Wow a secret government database the contained information on nearly everyone in the country. The last time I heard about something like this, it was East Germany. I wonder how a country the size of Canada, can have a secret government database with information on just about everyone. What intimate details did this system have, and how did it get this information?
They dismantled a database with information on everyone in the country, that they must have spent a great deal of time, effort and money to collect? Does anyone really believe this? Of course they do. Wow this would make some people a little paranoid.

Lastly not related to spying but an interesting link. From the people who brought you Truman Show Syndrome.

I found out that there is a military link, at least one of the male patients had a former military background.

http://thelastpsychiatrist.com/2008/07/being_the_main_character_in_yo.html

Also one of the psychiatrist that is researching Truman Show Syndrome works out of McGill University in Quebec.

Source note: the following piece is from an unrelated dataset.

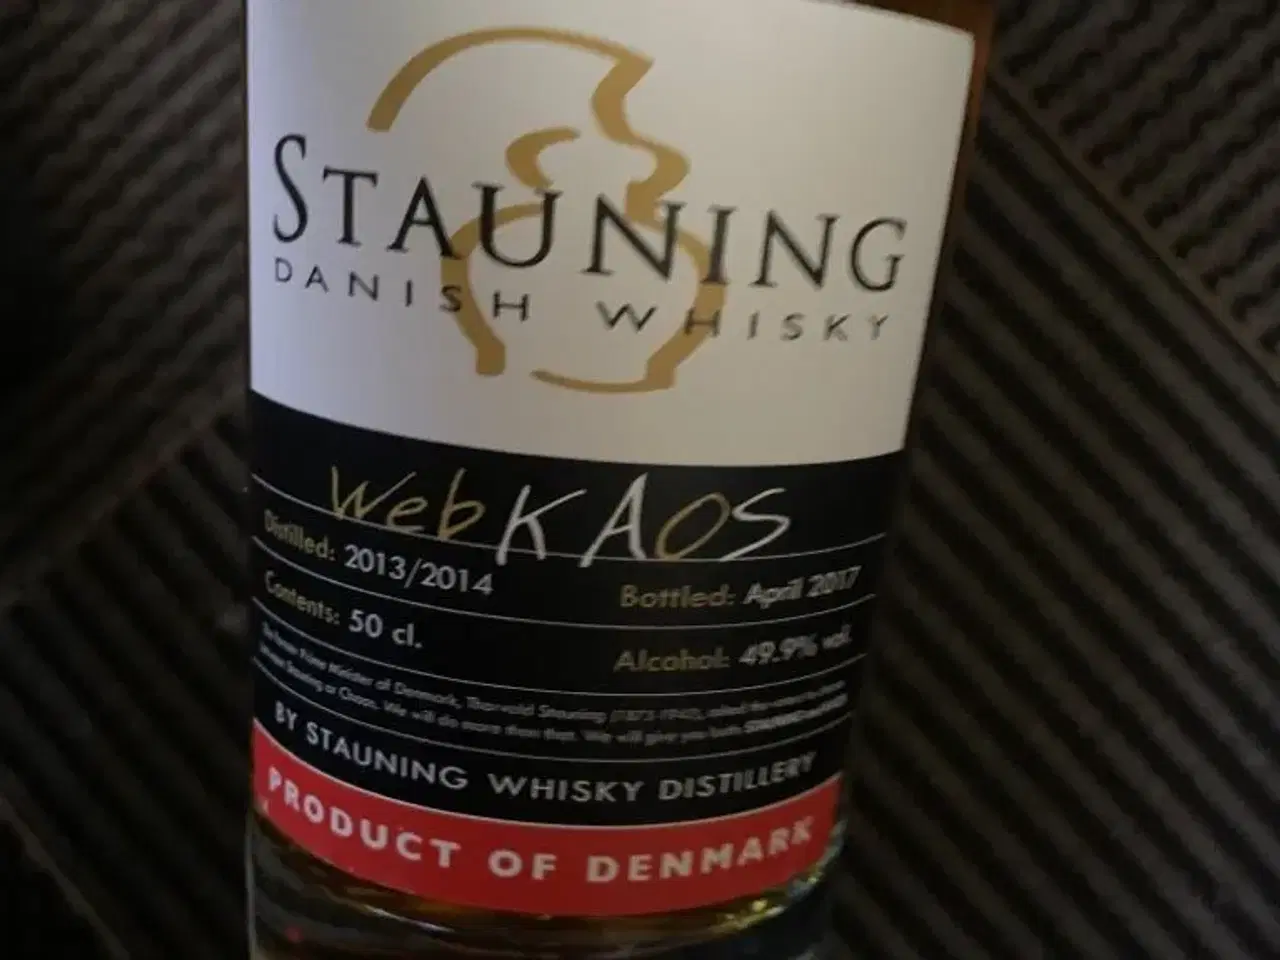 Billede 2 - Stauning whisky   webkaos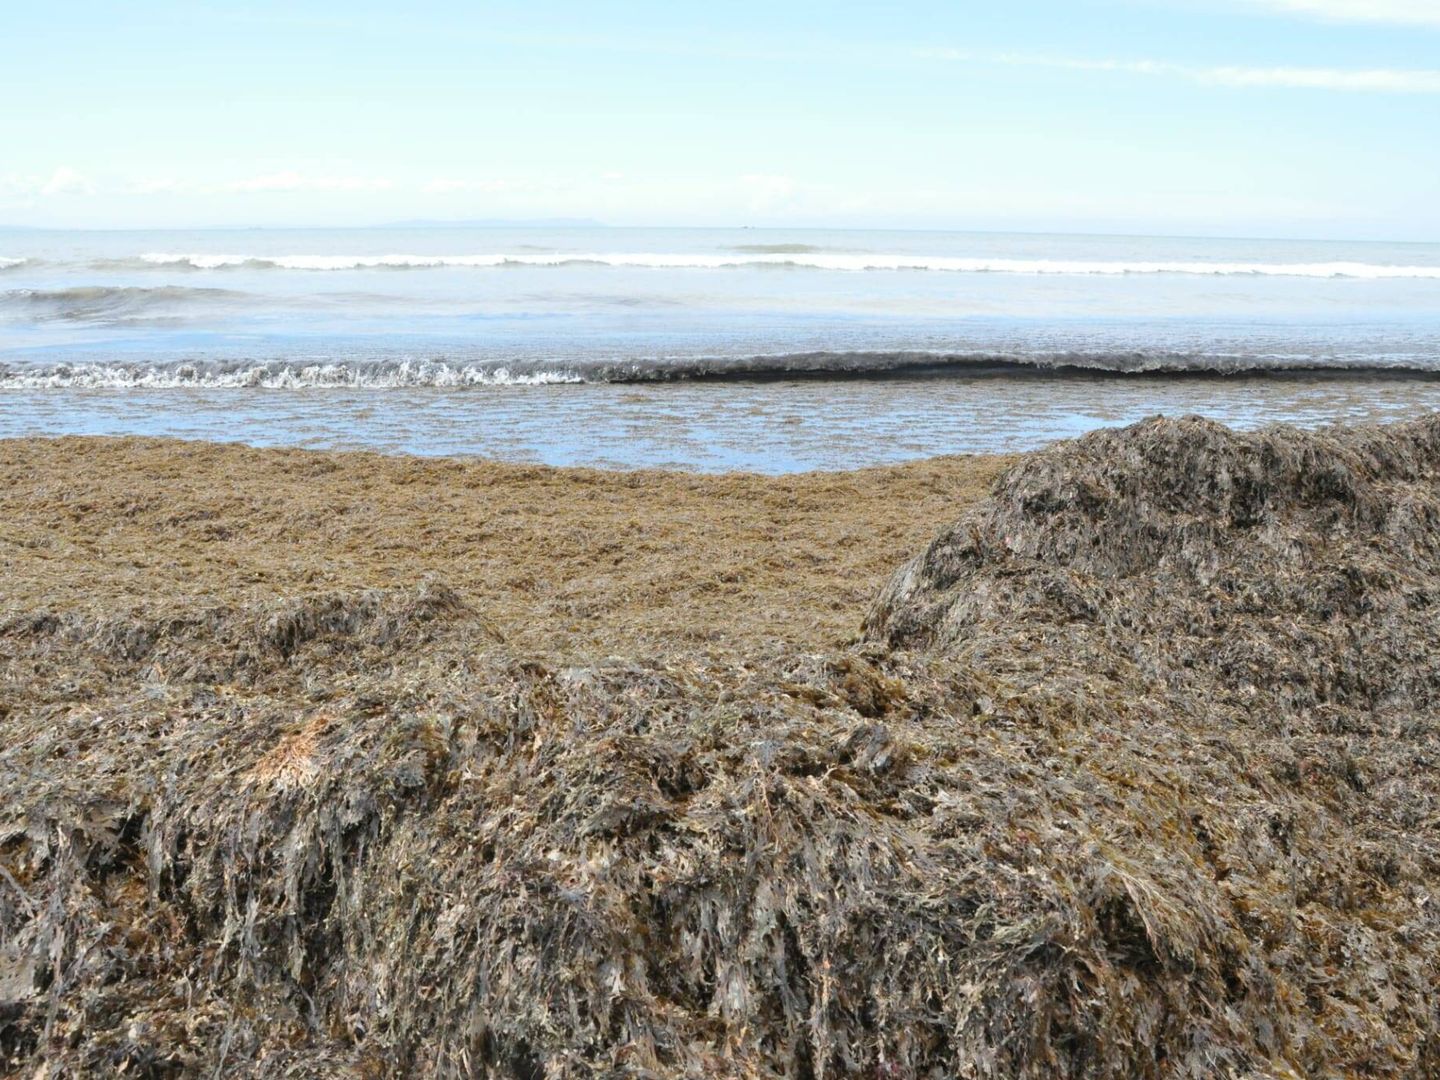 Arribazones formados por el alga invasora en una playa de Tarifa. (Cedida)

http://gangstalking.wordpress.com/2008/11/29/truman-show-delusion

[quote]Gold and his brother, Dr. Ian Gold, the Canada research chair in philosophy and psychiatry at McGill University in Montreal, came up with the term “Truman Show delusion.”[/quote]

If you will remember the MK Ultra mind control experiments which the Canadian and U.S. government agreed to, were conducted by McGill University in Montreal, Dr Ewen Cameron’s old haunt. Ewen Cameron is the doctor that was at the heart of the MK Ultra experiments and McGill is the very University that allowed them.

Also many of complaints about Gang Stalking in Canada are coming out of Toronto and Vancouver Canada. I have seen at least one news article on this for Vancouver, but I don't think I have seen any articles about this subject out of Toronto yet, which based on the complains is an epicenter for Gang Stalking.

This is all fun stuff to know. So should Canadians be more concerned, more paranoid, or is there
really nothing to see here? Only time will tell.